He left for school on a bicycle, impeccably dressed in tweed suit and tie, crowned with snow-white turban, at about 9.30 every morning, and he returned home at nine at night, having spent his time at the officers’ club on the way, playing tennis and meeting his friends, who were mostly local government officials. At night a servant would go out with a lantern in order to light my father’s path back home, and to carry his tennis racquet, leaving him to walk back swinging his cane, to keep off growling street dogs all along the path, which lay sunk in the dust. I must admit I did not know my brother
Narayan was a writer until I saw that he had won a prize from The Merry Magazine for a short story.

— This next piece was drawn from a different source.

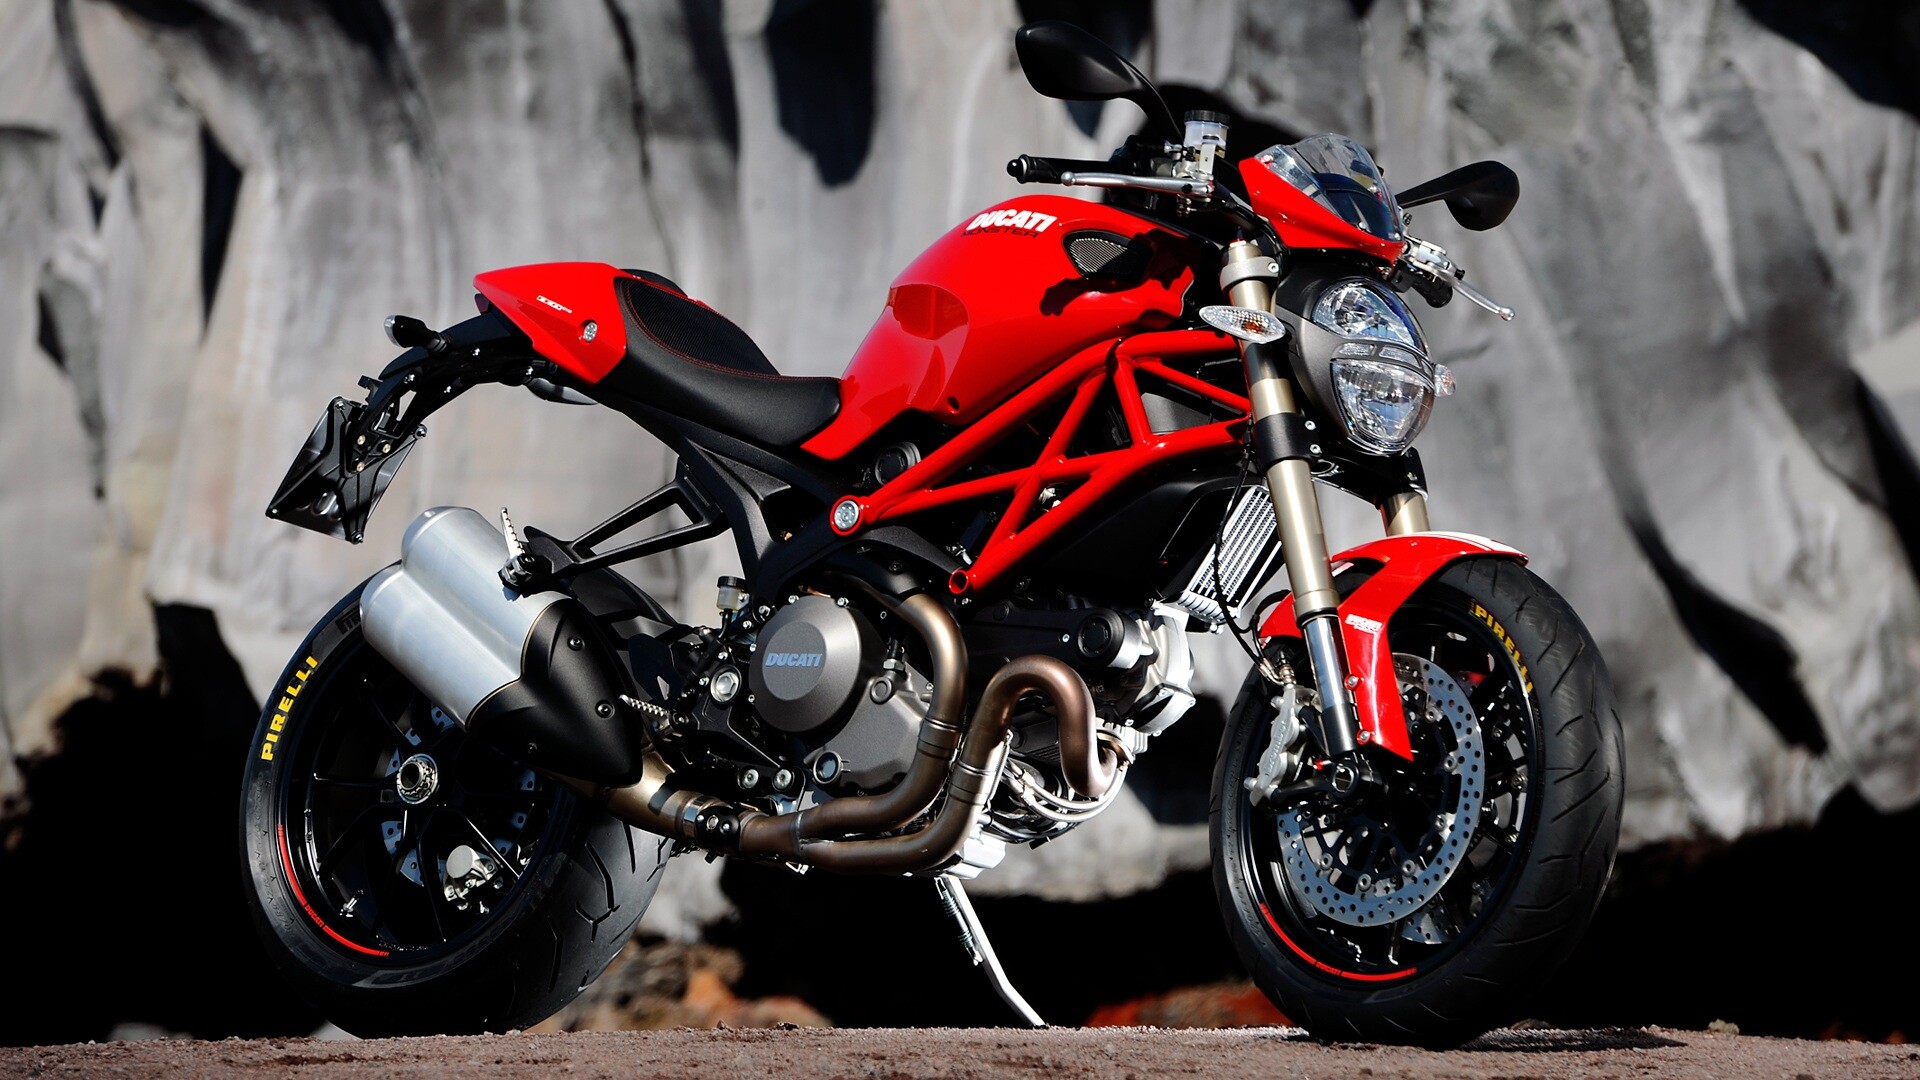 Ducati: Monster, The 2007 1098 model had a new engine called the Testastretta Evoluzione. 1920x1080 Full HD Wallpaper.

This was called ‘Dodu, the Moneymaker’. It was about a little boy struggling to find money for his urgent needs—like groundnuts and candy! I was very excited because this sounded suspiciously like me. Moreover, the hero of the story had my name! After that I watched Narayan’s activities with respect. He would pound away upon a huge Underwood typewriter. Perhaps all that banging was for his first novel Swami and Friends, a story about boys growing up in a small town called Malgudi. All Narayan’s stories were to be set in this non-existent town. But little did I think then that I would get to know Malgudi as well as Narayan himself. Because later, I was to illustrate my brother’s stories. At that time Narayan was also writing articles for a newspaper in Madras. 1 had a cycle. My brother used to pay me a commission to pedal furiously to the post office and mail his copy on time.

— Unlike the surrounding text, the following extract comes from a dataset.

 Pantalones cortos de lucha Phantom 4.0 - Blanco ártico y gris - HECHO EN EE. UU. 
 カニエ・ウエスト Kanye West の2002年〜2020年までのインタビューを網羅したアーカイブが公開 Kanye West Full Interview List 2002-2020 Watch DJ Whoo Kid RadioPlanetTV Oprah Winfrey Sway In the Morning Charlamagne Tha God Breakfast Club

I was about nine or ten when I decided to be an artist. I would cycle for ten miles around our home to find interesting landscapes to paint. Mysore was a good place for this—full of trees, streams, hills and old ruins. I also learnt a lot by looking at illustrations in foreign magazines. The cartoons were a special attraction. I began to draw cartoons and found the local papers willing to publish them! The people I chose to poke fun at were international names—Churchill, Hitler, Mussolini, Nehru and Gandhi! I must have done well because I was asked to draw posters too, for the defence programme and for adult education. I earned my pocket money and never had to trouble my parents for it. ‘Dodu’ had found the way!
When Narayan’s stories began to get published in The Hindu, Madras, he asked me to illustrate them. I knew exactly what he wanted, and whom he had in mind for his characters. Didn’t we belong to the same place? Hadn’t I spent hours in every spot around us, including the busy market square? Hadn’t I sketched all those real people he wrote about? Look at this old vegetable seller. She refuses to bring her price down despite the customer’s determined haggling.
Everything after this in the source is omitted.